Janney is using the hire to strengthen its Delaware presence. The Warren-Fantano team gets a platform that says it can offer collaboration and flexibility without forcing advisors into a giant-firm feel.
Why A Billion-Dollar Team Would Choose A Smaller Platform
A billion-dollar team leaving Merrill for Janney says something about advisor priorities.
A large wirehouse can provide scale, brand recognition and broad capabilities. But some advisors reach a point where they want a smaller organization, more direct access to leadership and a culture that feels less corporate.
Janney’s announcement quoted Warren pointing to the firm’s boutique size and collaborative culture. That is the recruiting message: advisors can still access resources, but they may feel more control over how they serve clients.

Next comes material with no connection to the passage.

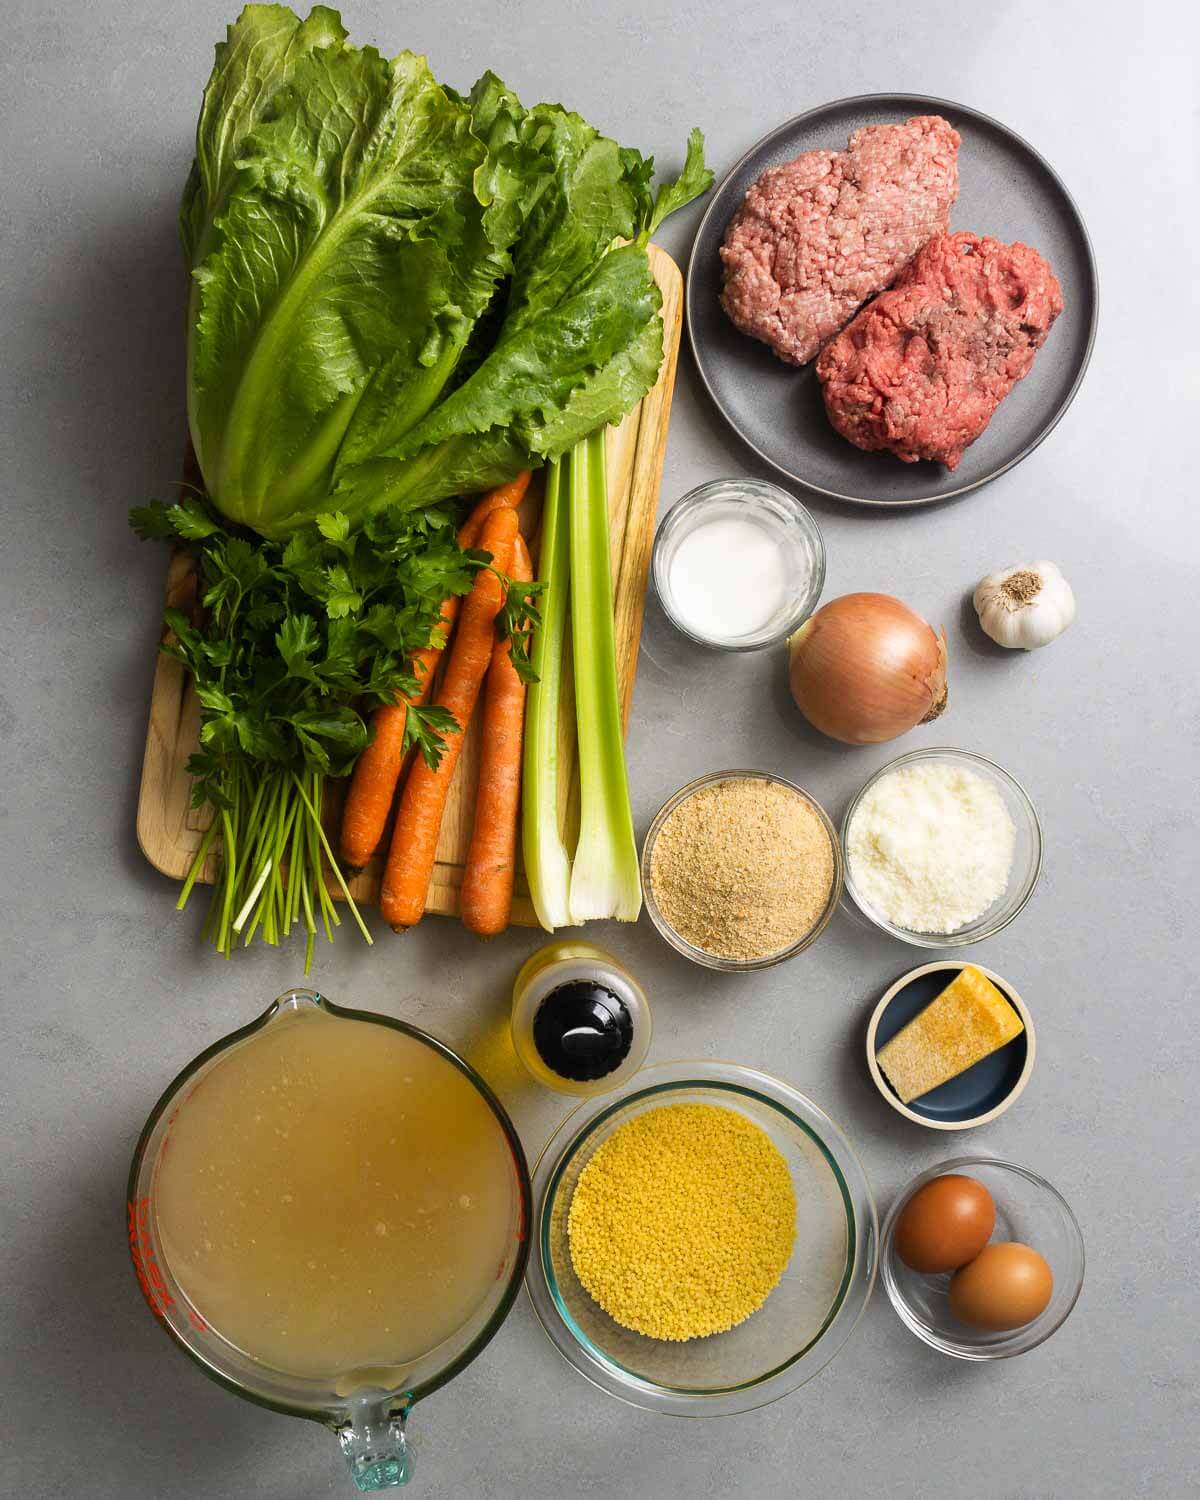 Ingredients shown: escarole, parsley, carrots, celery, ground beef and pork, milk, onion, garlic, breadcrumbs, pecorino, parmesan rind, olive oil, chicken stock, acini di pepe, and eggs.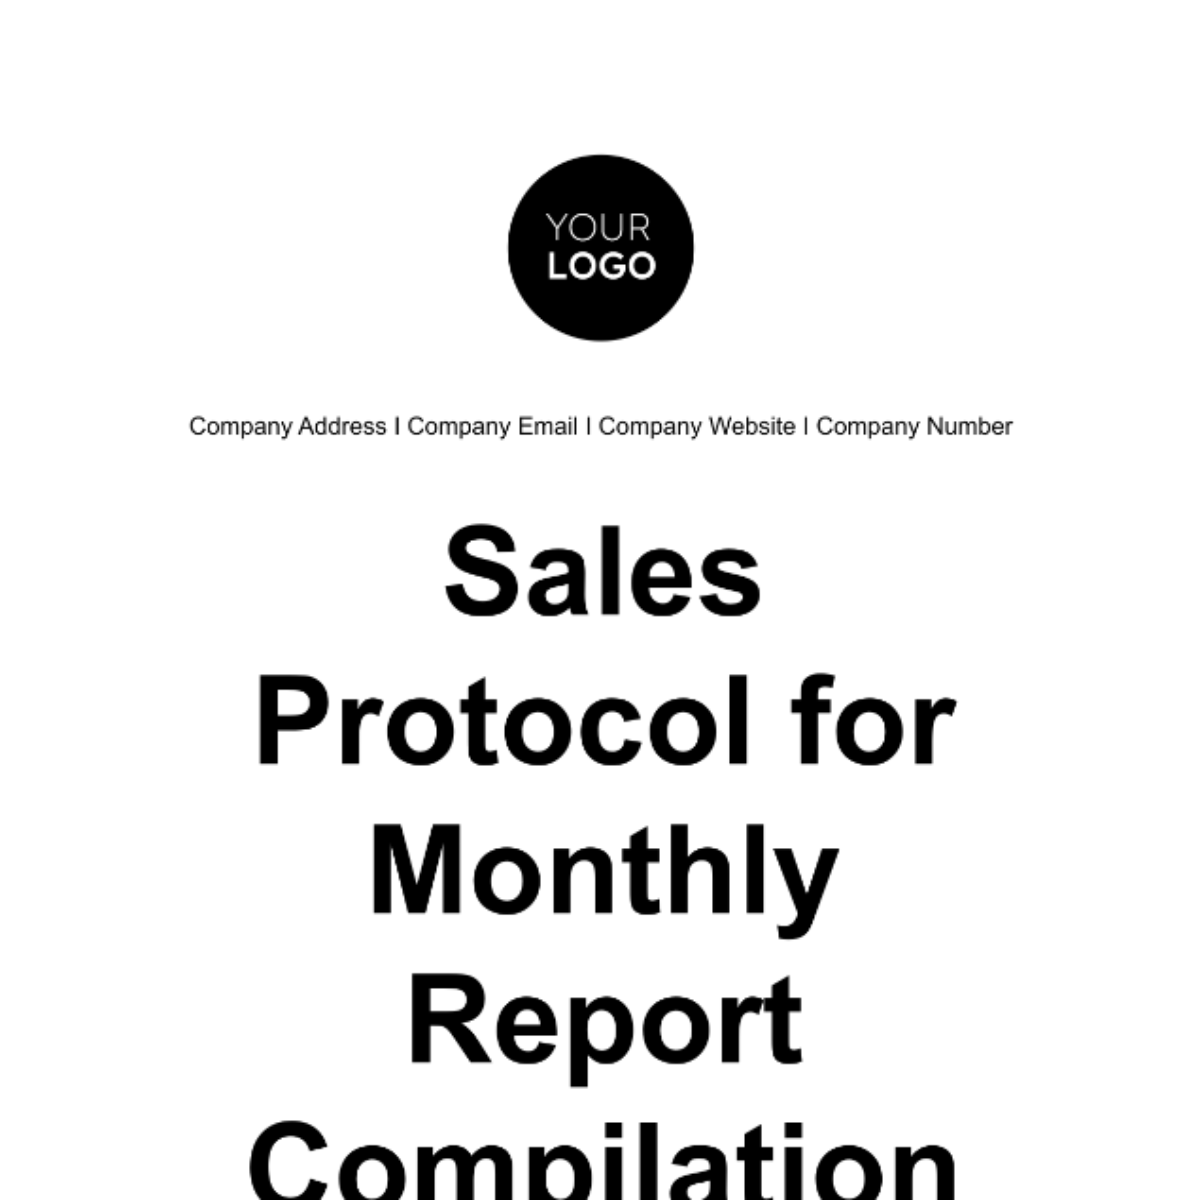 Sales Protocol for Monthly Report Compilation Template

For advisors serving multigenerational families, private foundations and business owners, the platform needs to support both complexity and relationship continuity.
The team may want resources, but not a structure that feels too rigid. It may want investment access, but also local decision-making. It may want growth support, but not at the cost of the service style clients expect.
That is why boutique culture can still compete against wirehouse scale.
Delaware Gives Janney A Local Growth Story
Janney’s new Middletown office makes the Warren-Fantano move more than a team hire.
It gives the firm a stronger physical and leadership presence in Delaware. That matters because wealth management remains local even when platforms are national. Clients often choose advisors based on trust, familiarity and community presence.
A new office tied to a billion-dollar team can create momentum in several ways:
Local visibility: Janney becomes more visible in Middletown and Lewes.
Advisor recruiting: Other local advisors may see Janney as a serious regional option.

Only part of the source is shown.